Project's structure:
.
├── API
│ ├── docs
│ │ ├── Document Live.txt
│ │ └── Document Static.txt
│ ├── flask_docker
│ │ ├── Dockerfile
│ │ ├── exec.py
│ │ ├── mls.py
│ │ ├── my_app.py
│ │ ├── path.json
│ │ ├── requirements.txt
│ │ ├── setup.py
│ │ └── wsgi.py
│ └── notebook
│ └── example.ipynb
├── AutoML
│ ├── h2o_notebook.ipynb
│ ├── h2o_script.py
│ └── param_h2o.json
├── AWS_infra
│ └── AWS Infrastructure.pdf
├── LICENSE
└── README.md
Dependencies, this application requires:
Python (>= 3.7)
Docker (= 20.10.12)
Please follow the link bellow for more information on docker:
https://docs.docker.com/engine/install/ubuntu/
To change the source and saving path, please change the path.json path:
"modeldata": URL or path where AutoML files will be saved, such as binary models, info, test and train csv files.

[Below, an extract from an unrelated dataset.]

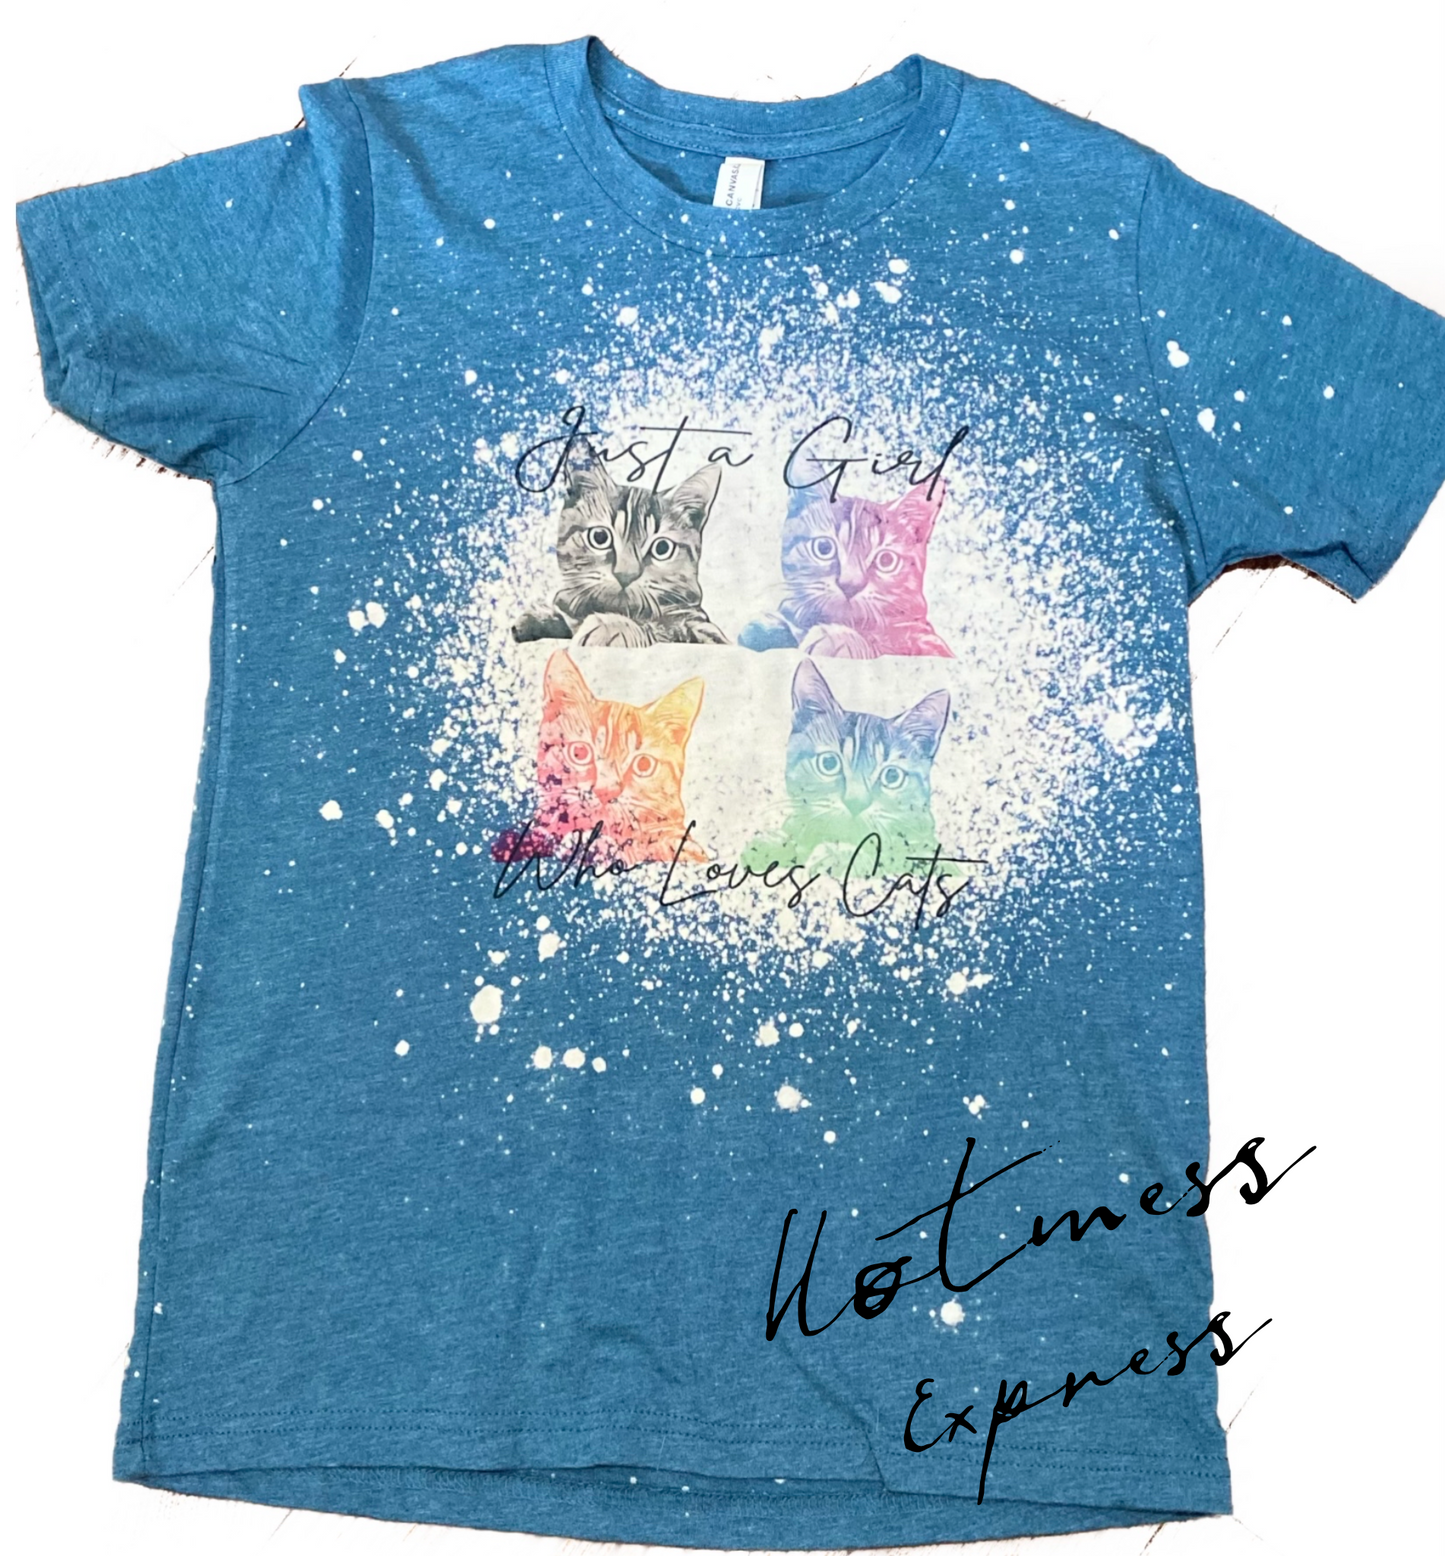 Just a Girl Who Loves Cats  Tee Kids or Adult Bleached Tie Dye

"procdata": URL or path where pre processed data will be saved to feed the models for training and testing.
Example:
{
"modeldata":"https://s3model.blob.core.windows.net/modeldata/",
"procdata":"https://s3model.blob.core.windows.net/prodata/"
}
Inside the folder /ML/API/flask_docker/ open a terminal and type the command bellow:
python setup.py
The last line will show the docke's binding port with the host.
Example:
CONTAINER ID IMAGE COMMAND CREATED STATUS PORTS NAMES
ac5bb0615e0a flask_docker "python3 exec.py" 2 seconds ago Up Less than a second 0.0.0.0:49171->8000/tcp, :::49171->8000/tcp serene_matsumoto
The binding port is 0.0.0.0:49171 in the example above.

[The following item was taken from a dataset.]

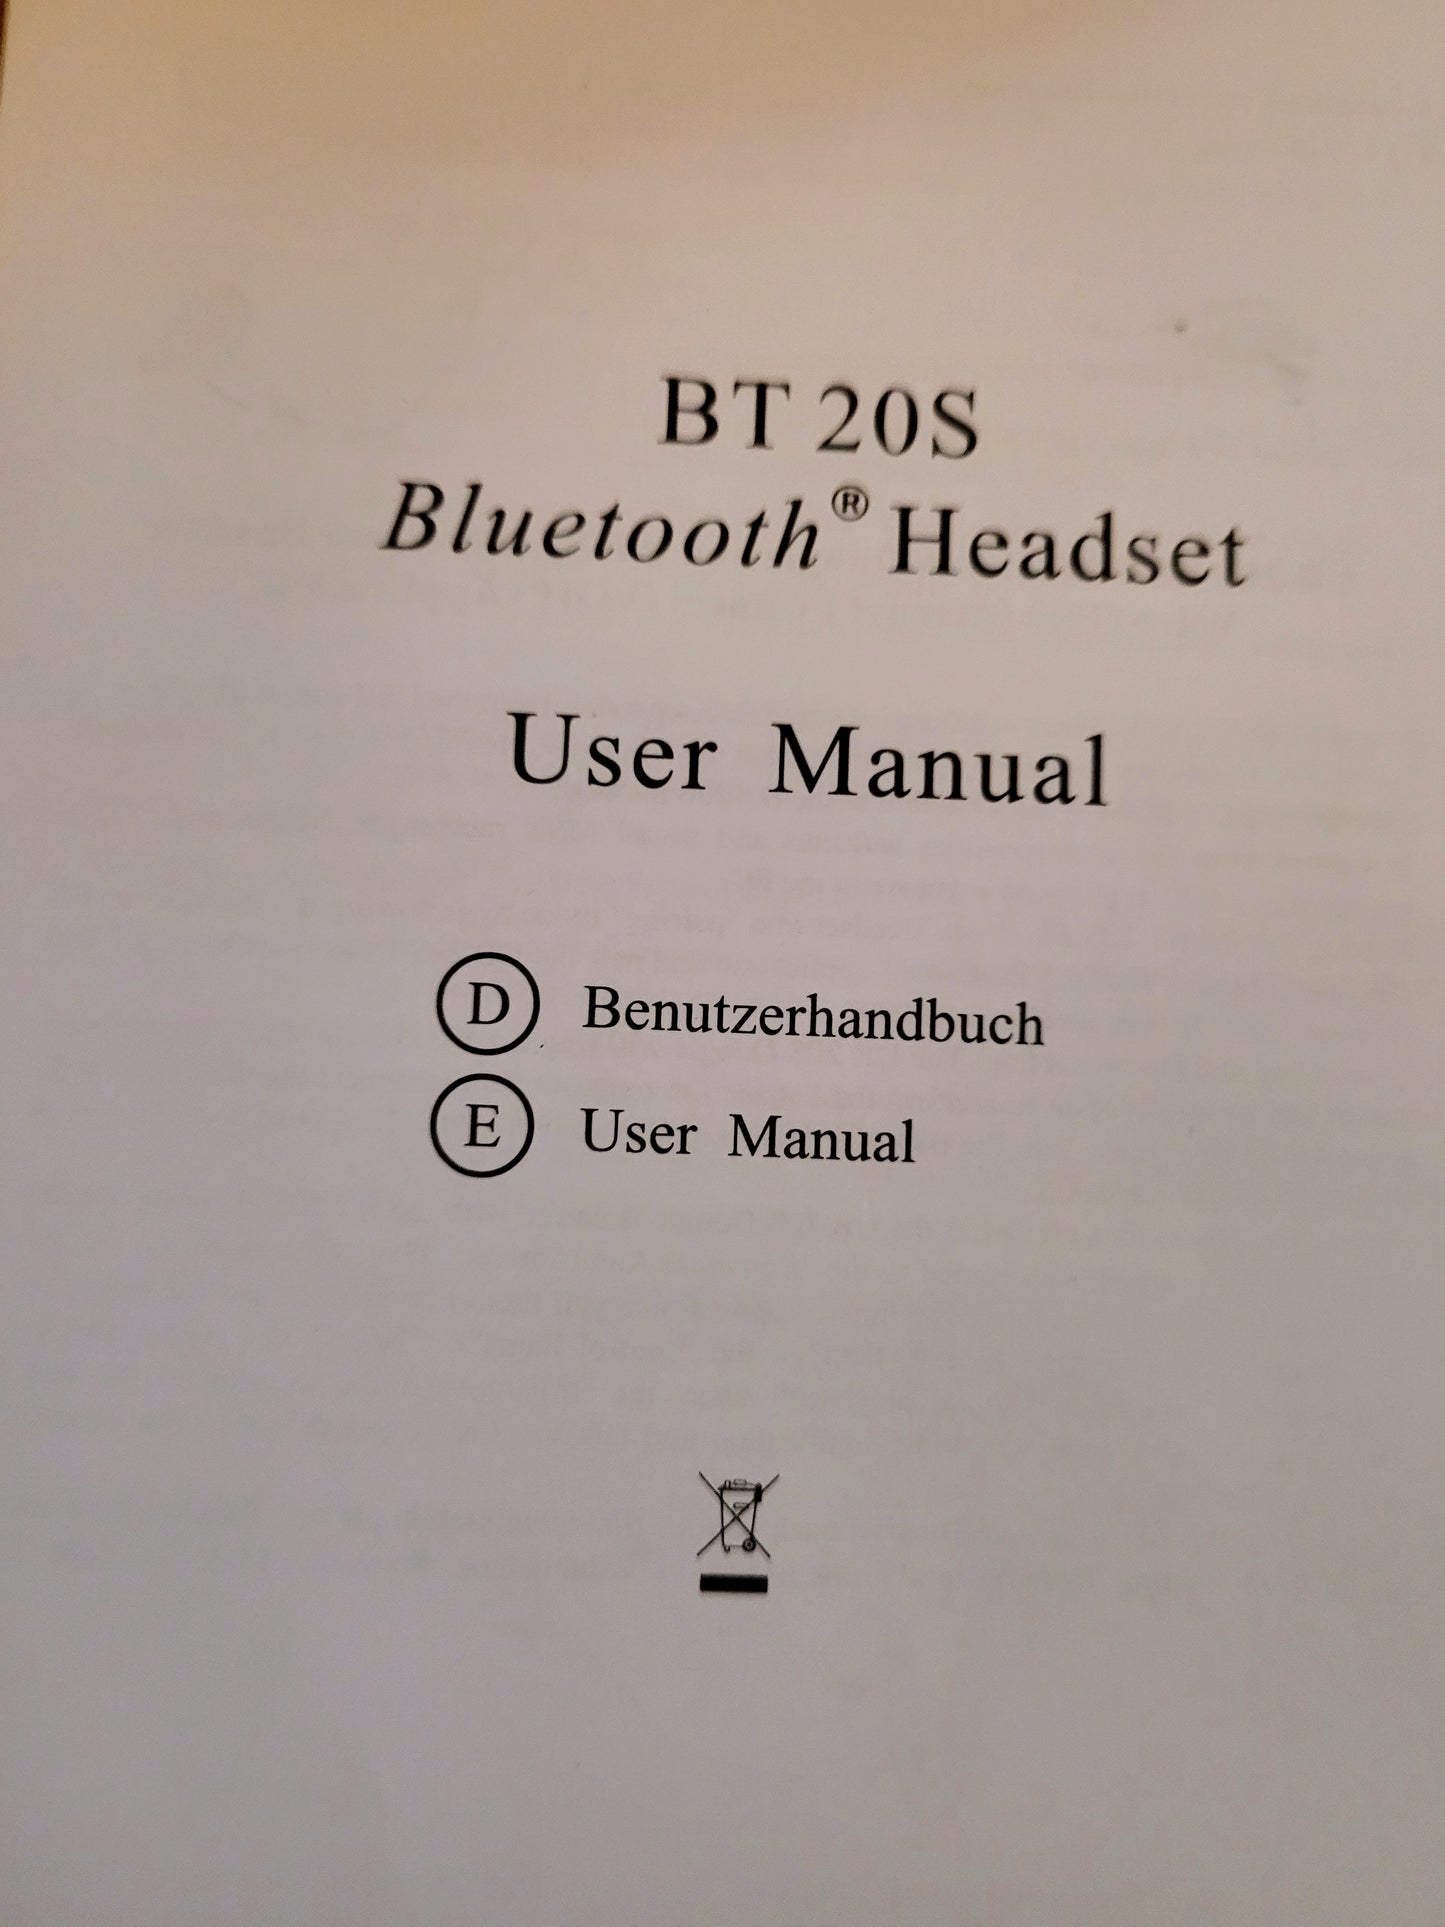 New *Bluetooth Headset #BT 20S w/ 2 Chargers

https://app.swaggerhub.com/apis-docs/george53/MLS/1.0.0
To use the H2O AutoML for model creation, please alter the parameters in the param_h2o.json and then execute the following command:
python h2o_script.py
You can also use the notebook to create the models, it also uses the param_h2o.json file.
Example (param_h2o.json):
{
"sourcePath" : "https://s3model.blob.core.windows.net/prodata/merged_proc_data.csv", <- Local onde estão os dados pre processados.
"savingPath" : "https://s3model.blob.core.windows.net/modeldata/", <- Local onde salvar os arquivos gerados.
"target" : "average_ticket", <- Coluna desejada para previsão
"algos": ["DRF", "GLM", "XGBoost", "GBM", "DeepLearning", "StackedEnsemble"], <- Algoritmos disponíveis.
"maxModels" : "10", <- Máximo de modelos para comparaçao.
"seed" : "4", <- Seed para reprodutividade.
"maxTrainingTime" : "45", <- Tempo máximo de treinamento em segundos.
}
Execute the exemplo.ipynb notebook on the ML/API/notebooks to send and receive data.
Get:
pd.read_json(requests.get('http://0.0.0.0:49171/').content)
Post:
r = requests.post('http://0.0.0.0:49171/', data=data).content
prediction = pd.read_json(r)